Want to write a query for a new language? tags.scm and other queries in each language's tree-sitter repository, like tree-sitter-javascript, are a good place to start.

Query predicates

$ ./parse -supported_predicates
#eq?/#not-eq?
    (#eq? <@capture|"literal"> <@capture|"literal">)
    Checks if two values are equal.

#has-parent?/#not-has-parent?
    (#has-parent? @capture node_type...)
    Checks if @capture has a parent node of any of the given types.

#has-type?/#not-has-type?
    (#has-type? @capture node_type...)
    Checks if @capture has a node of any of the given types.

#lineage-from-name!
    (#lineage-from-name! "literal")
    If the name captures scopes, split by "literal" and retain the last element
    as the name. The other elements are appended to the lineage.

#match?/#not-match?
    (#match? @capture "regex")
    Checks if the text for @capture matches the given regular expression.

#select-adjacent!
    (#select-adjacent! @capture @anchor)
    Selects @capture nodes contiguous with @anchor (all starting and ending on
    adjacent lines).

#set!
    (#set! key <@capture|"literal">)
    Store metadata as a side effect of a match.

#strip!
    (#strip! @capture "regex")
    Removes all matching text from all @capture nodes.
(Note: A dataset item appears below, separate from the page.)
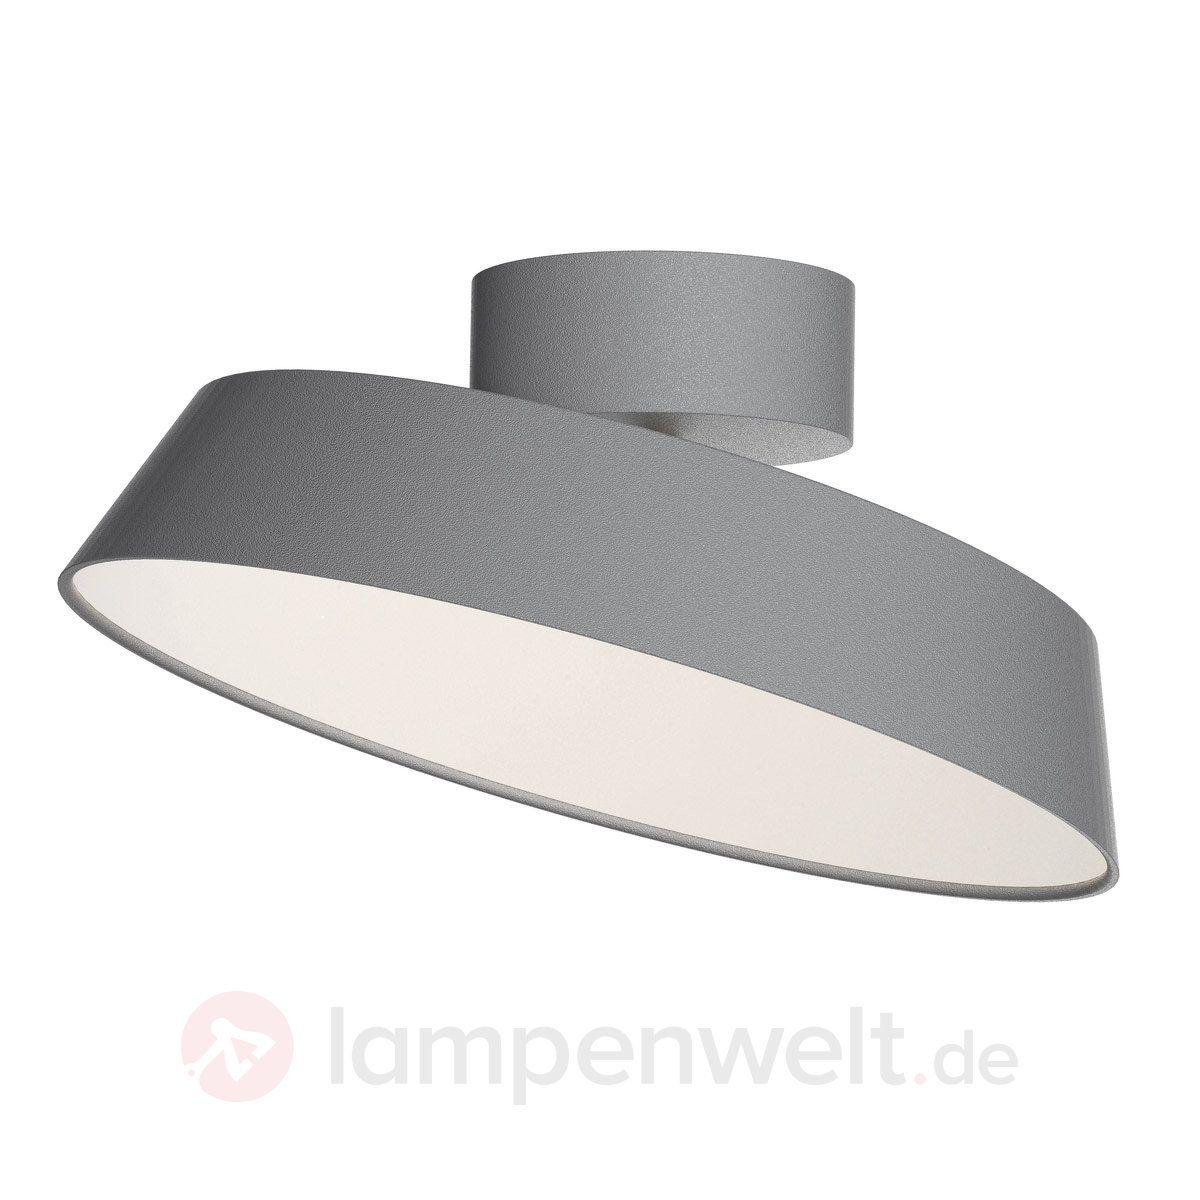 SchirmLampen Mit Alba Deckenlampe Led Graue Schwenkbaren v8Nwmn0O

Need a predicate which hasn't been implemented? File an issue! We try to use predicates from nvim-treesitter.

Grammars

$ ./parse -supported_languages
ada
c
cpp
csharp
css
dart
go
hcl
html
java
javascript
json
kotlin
latex
markdown
ocaml
ocaml_interface
perl
php
protobuf
python
ruby
rust
shell
svelte
swift
toml
tree_sitter_query
tsx
typescript
vue
yaml

Looking for support for another language? File an issue with a link to the repo that contains the grammar.

Contributing

Pull requests are welcome. For non-issue discussions about codeium-parse, join our Discord.

Adding and testing queries

  • You can create new source files with patterns you want to target in test_files/.
  • Look at the syntax tree using ./parse -file test_files/<your file> to get a sense of how to capture the pattern.
  • Learn the query syntax from tree-sitter documentation.
  • Run ./goldens.sh to see what your query captures.

Footnotes

  1. Function and method signatures are captured individually in TypeScript. Therefore, the @doc capture may not exist on all nodes. 2

  2. Currently functions and methods are not distinguished. 2

  3. Function calls and class instantiation are indistinguishable in Python.